In this Instructable I will be demonstrating how to backup your personally owned DVDs to a format playable on your computer. These file can also be burned to DVD, copied to your iPod (or that other video capable player) and even streamed through the soon to be available Apple TV!

It's perfectly legal (in the US anyway) to backup your own DVDs to protect the original from little sticky fingers, accidents and use with your other Video Players.

There's been talk that the new Apple TV will only work with movies purchased through iTunes. Not true! Any movie that will stream with iTunes will work with Apple TV. Also, you'll be able to stream from up to 4 computers (Macs or PCs) on your network.

All this is possible with a recent merger of two great open-source utilities, Handbreak and MediaFork!

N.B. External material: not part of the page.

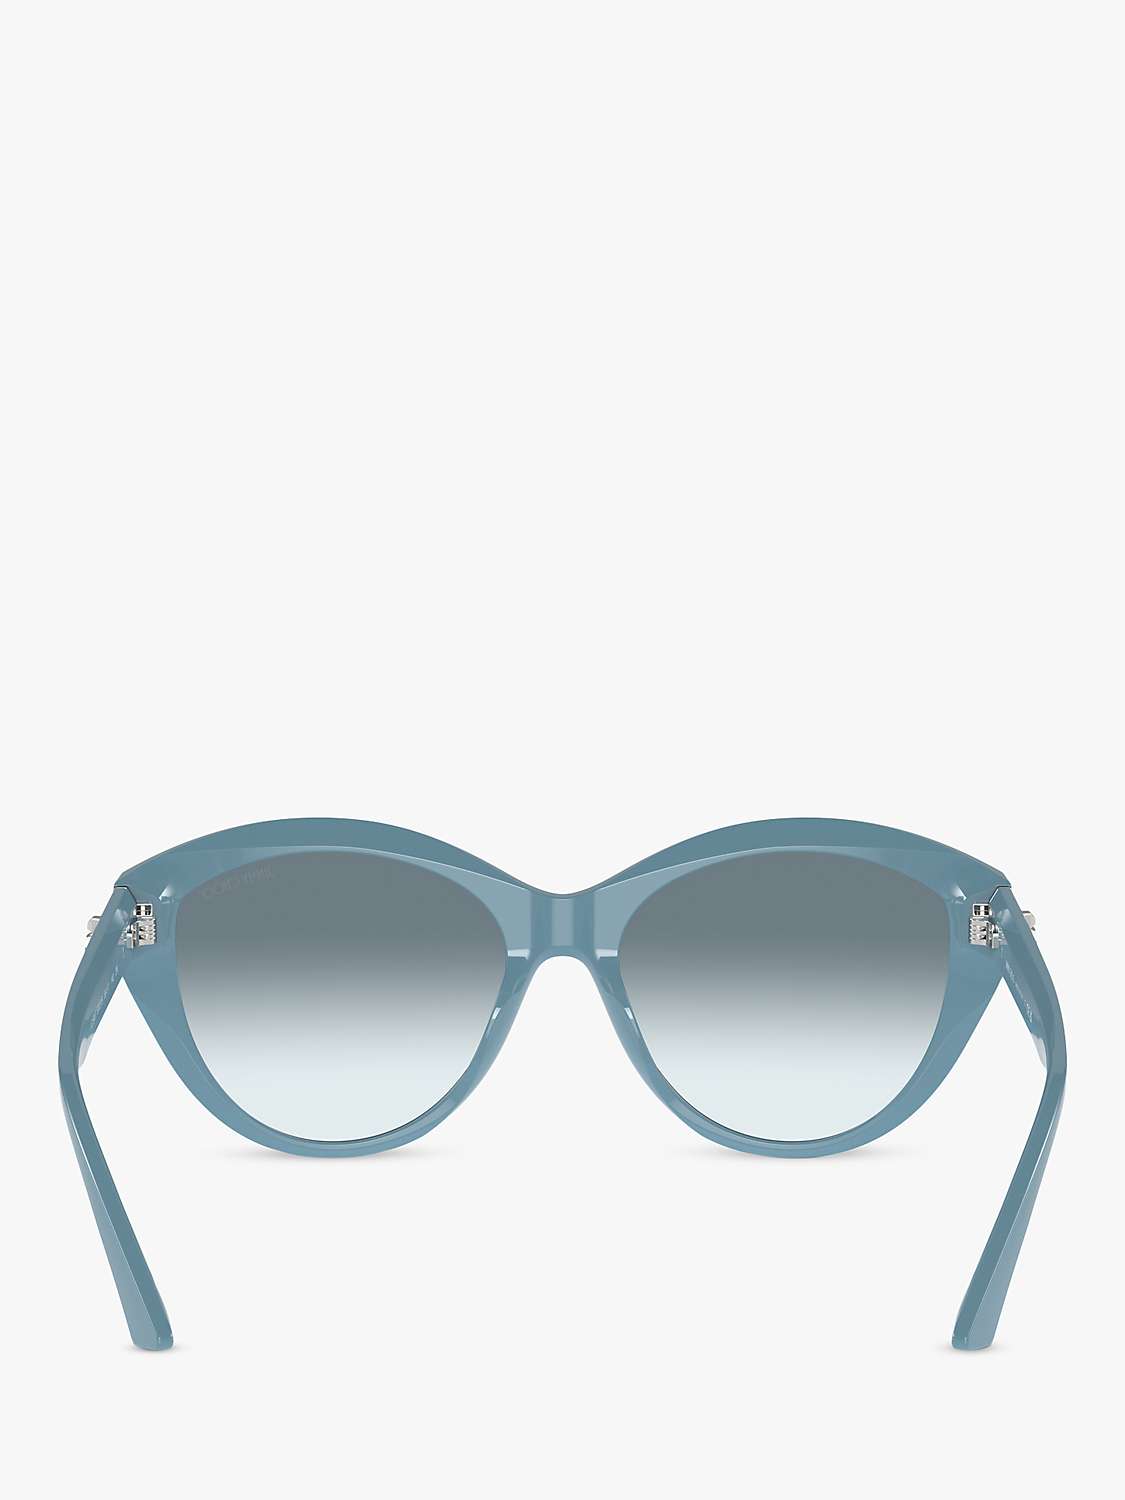 Buy Jimmy Choo JC5007 Women's Cat's Eye Sunglasses, Blue Online at johnlewis.com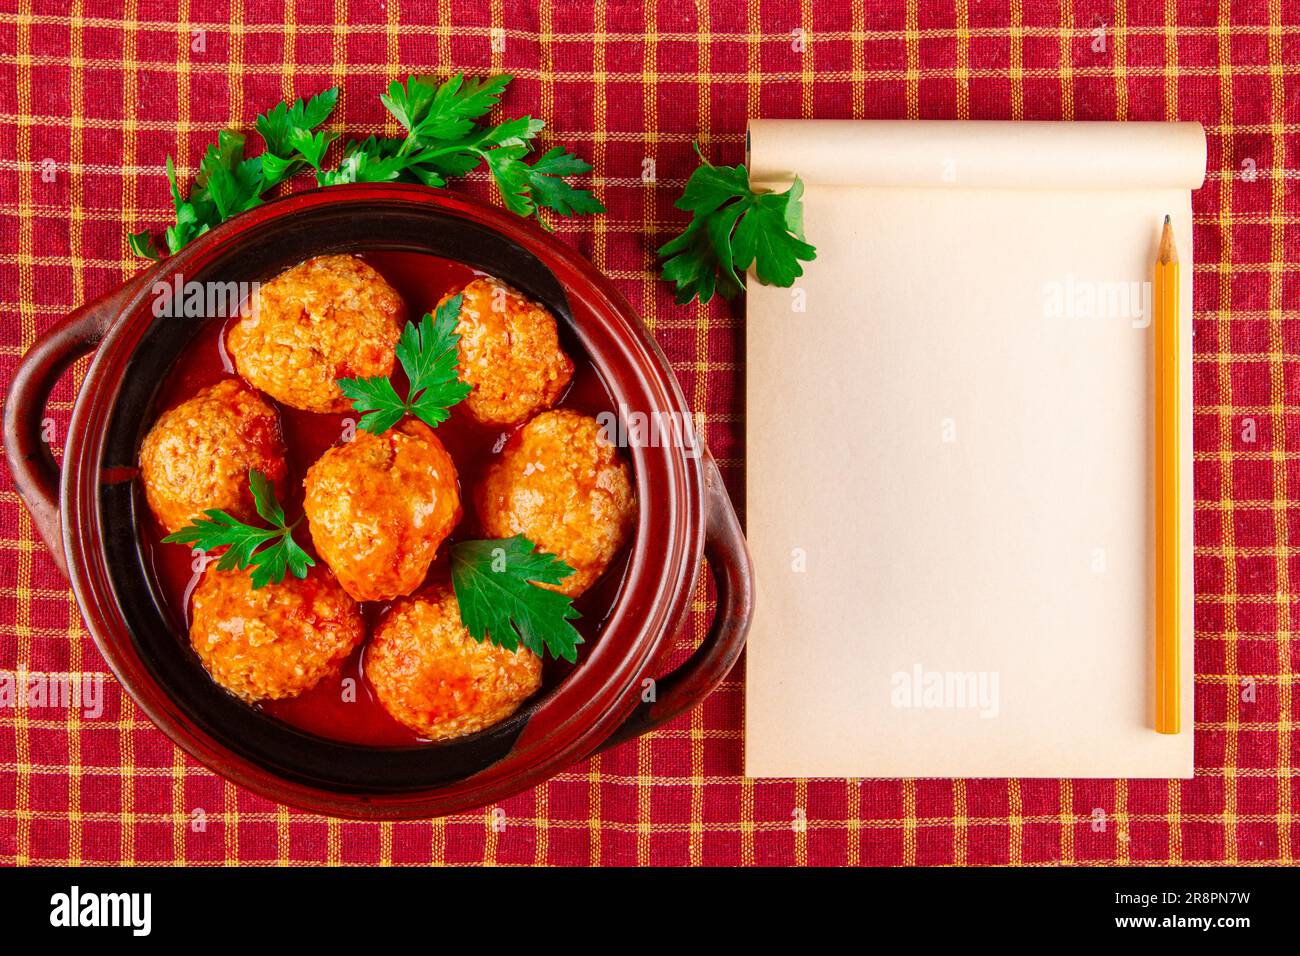 Blank recipebook and kottbullar meatballs in red sauce Stock Photo

The new merged utility, adopting the name MediaFork, is currently available for Macintosh (GUI), Windows (command-line or GUI) and Linux (command-line). I will be covering the use of the Graphic User Interface (GUI) version. There's also a special version for Mac called "Instant Handbreak" that removed all the confusing settings and just does the job for you.

A note about this specific DVD: I've taken the liberty to semi-hide the title to avoid inciting any publisher's anger. Please don't mention the name of the DVD when posting. I chose this particular DVD because it happens to be resistant to any other copying process. As it is, with this software, the first (very important) 7 minutes of the movie are lost.

Very few movies will have problems making a full copy.

Step 1: Getting the Software

Note. There are many techniques that will accomplish this. Most will require 2 to more packages. This one only requires the one program that will run on any computer under 5 years old.

MediaFork (currently 0.8.0 beta 1) is available for download at http://handbrake.m0k.org/?page_id=8 for all three platforms. Just choose the version for your computer and download it!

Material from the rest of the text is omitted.